Swiss Muslims may protest that it is unfair to burden them with the worst sins of fellow Muslims. But isn’t that sociological fix the precise reason groups of believers historically split off from their brethren, forming sects or new religions? So long as Muslims anywhere keep their place in the House of Islam everywhere, they bear some responsibility for the actions of their fellow believers. That’s particularly so when they don’t powerfully denounce evil acts, or acknowledge the fear and hostility such acts evoke. That is where apology comes in.
The explosion of Net criticism of the Swiss for their vote recalls the last major moment in which the cry for Christian apology to Muslims rose up alongside the usual silence about the need for Muslim apology. That was Pope Benedict XVI’s bizarre magical military tour of Turkey in 2006, protected by helicopters overhead and Turkish SWAT teams deployed on every flank in case someone decided to nail him on his first visit to a Muslim land. The pope, who has his own problems in regard to personal and institutional behavior in World War II, had, after all, said unkind things about Islam.
There he was in the NATO republic whose foremost motto remains: Those who forget the past sometimes don’t want anyone to remember it, thank you very much. One might recall, in this regard, the remark famously attributed to Hitler, speaking to his generals, eight days before invading Poland in 1939: “Who, today, speaks of the annihilation of the Armenians?” Benedict played along. He largely kept quiet about arriving in a land whose predecessor state, the Ottoman Empire—many of whose leaders became central figures in the Turkish Republic—committed the largest genocide in history against Christians. To this day, the Turks have never apologized, never offered a lira of reparation, never returned stolen property or land. Turkish newspapers, astonishingly, kept asking whether the pope would offer yet another, fuller apology for his remarks on Islam. News reports from elsewhere kept mentioning that Turkey was “99-percent Muslim.” They didn’t say why.

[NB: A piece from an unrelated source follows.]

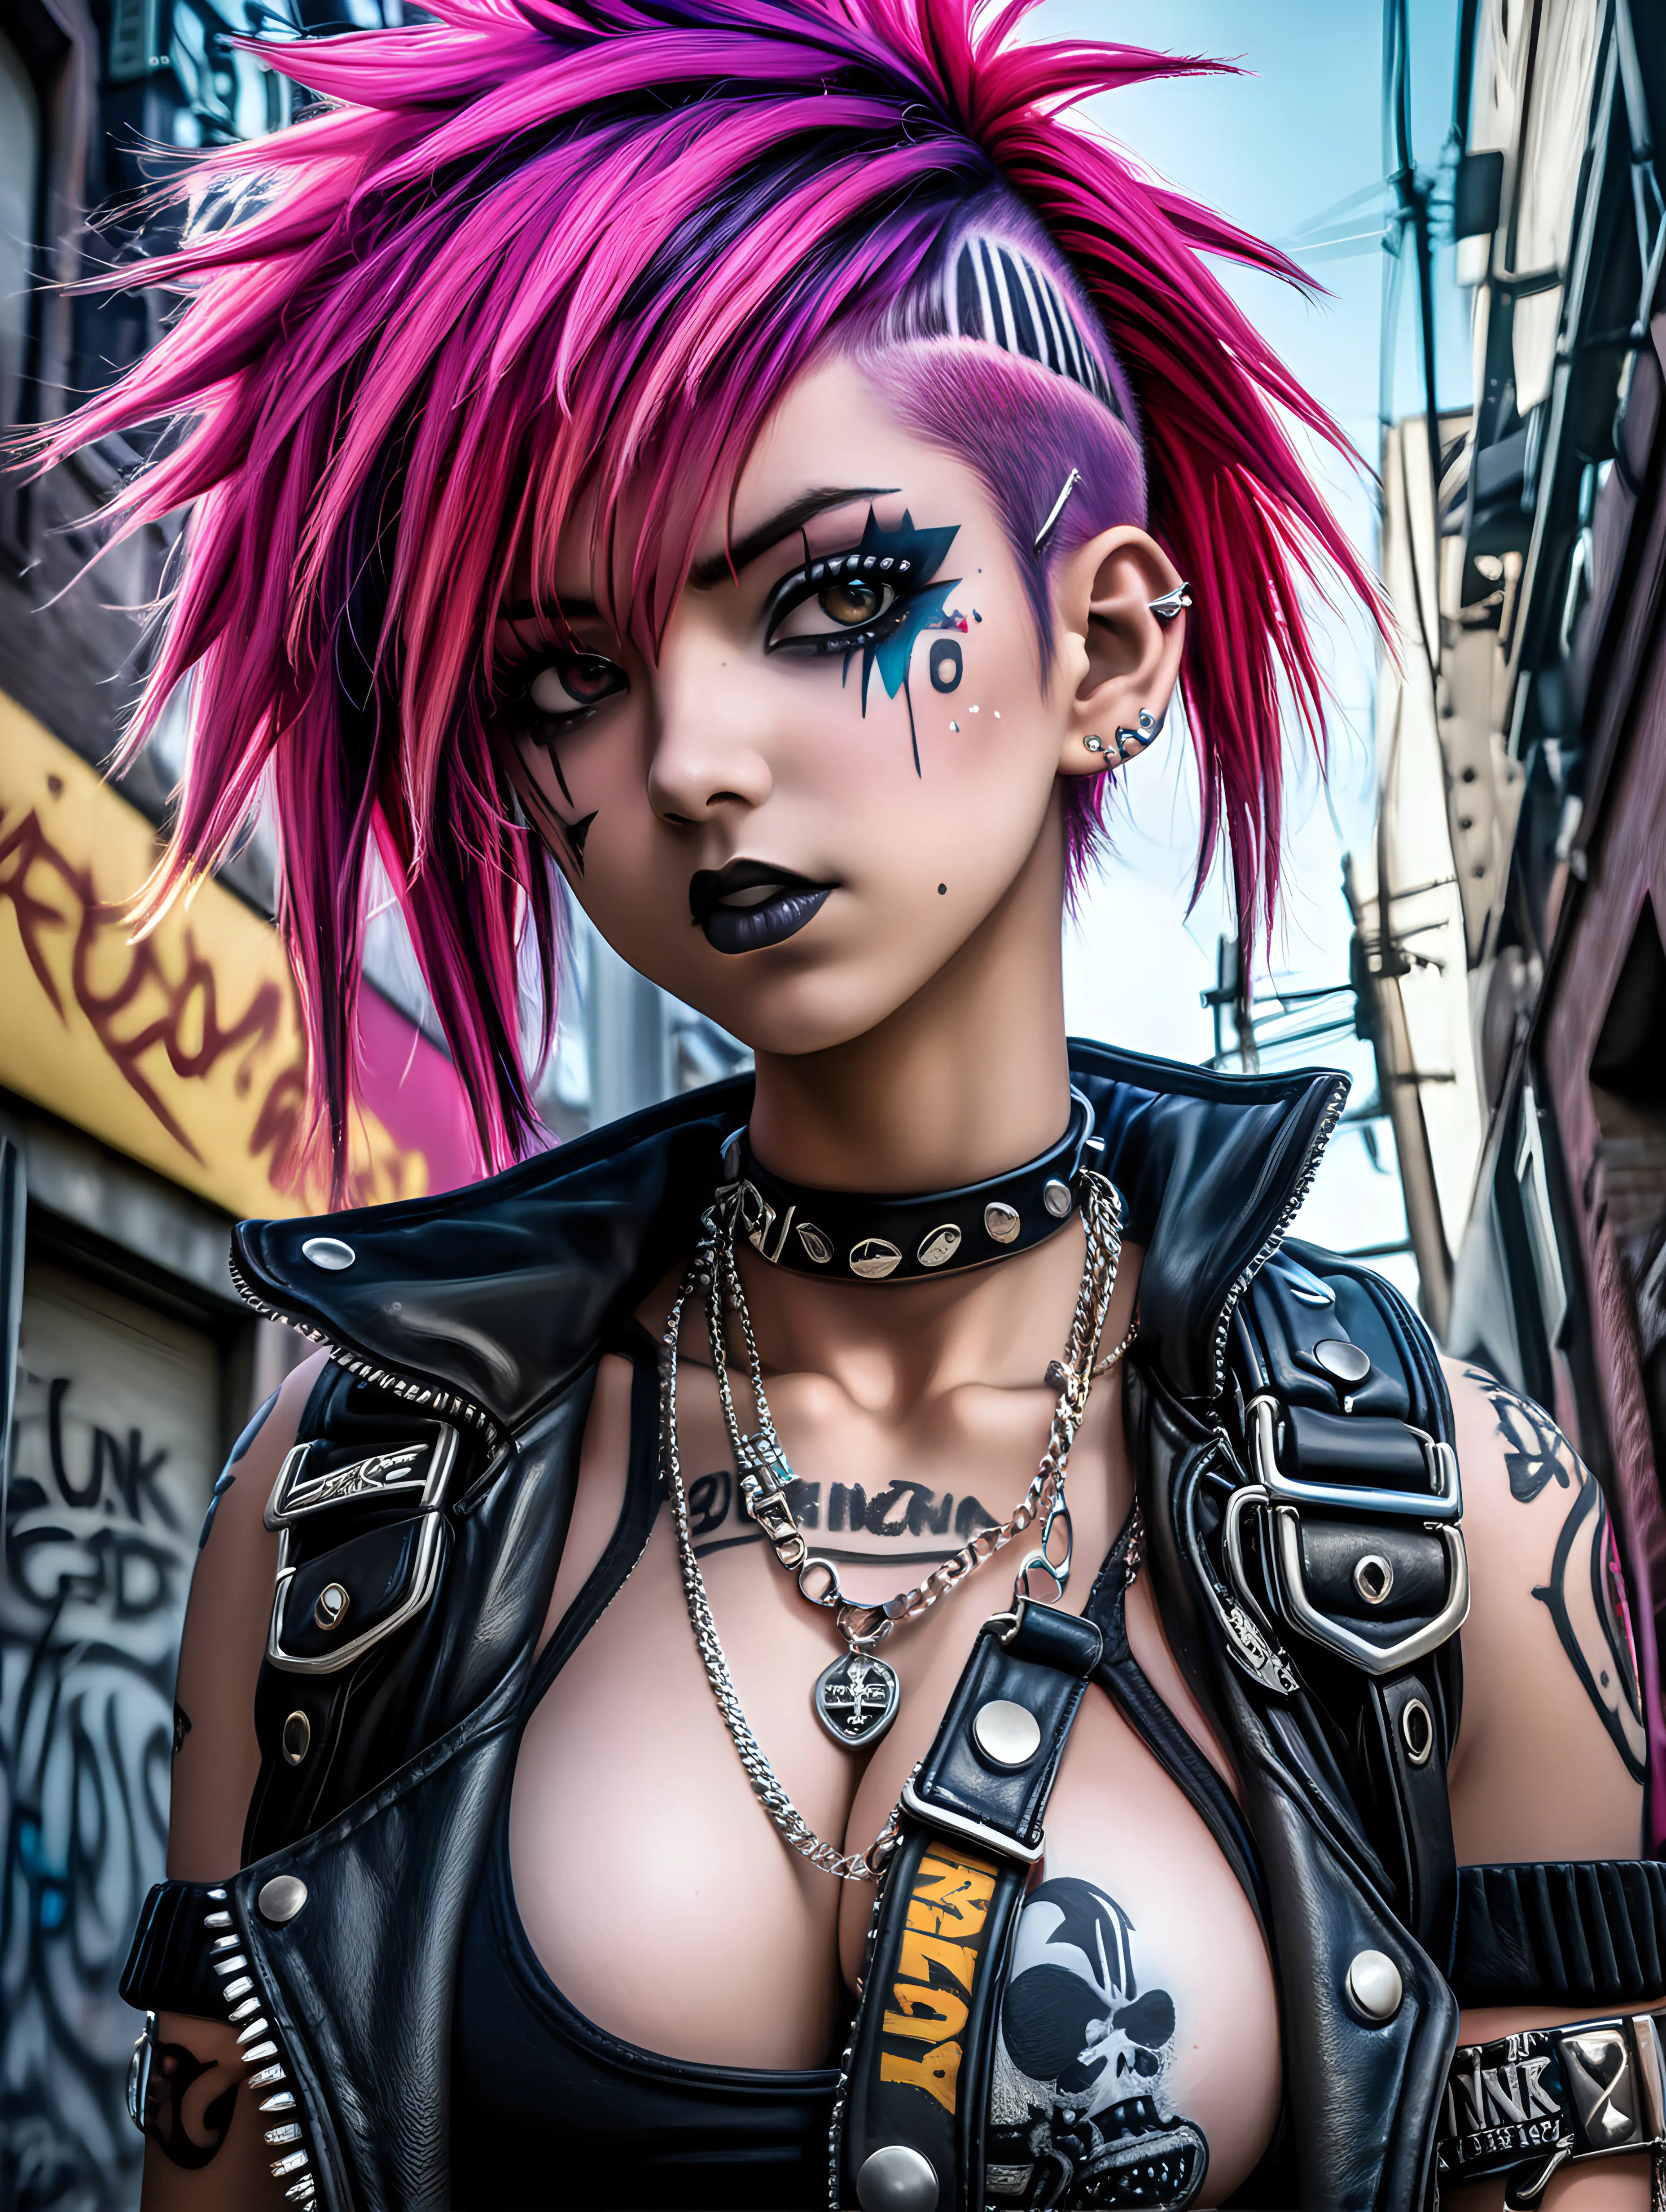 Rebellious Anime Punk Girl Vibrant Nonconformity in Gritty Urban Cinematics

By contrast, how intolerant is it to deny a religion a minor aspect of its ritual behavior, as the Swiss are doing by banning minarets? How intolerant is it not to apologize? Whether we owe tolerance to the intolerant is one of the great logical challenges within ethical theory. Simply declaring that we do, as so many commenters on the minaret vote urge, fails to convince if one believes tolerance, like some other ethical duties, arises out of implicit or explicit social contract, and should be reciprocal.
I, for one, find that context, apology, and intolerance matter in the following way. If you steep yourself in the atrocities of the Armenian genocide, not to mention the many intolerances exhibited by majority-Muslim societies toward Christians, Jews, women, gays, and other non-Muslims, one’s conclusion is not an absolutist moral judgment, but a decision on who owes a greater apology to whom, a decision on how to allocate one’s moral energy.
The day that Turkey apologizes and pays reparations for the Armenian genocide, that Saudi Arabia permits the building of churches and synagogues, that the Arab world thinks the homeland principles it applies to the Arabs of Palestine also apply to the Armenians of Turkey—on that day, I will find time to commiserate with the generally kind and hard-working Muslims of Switzerland.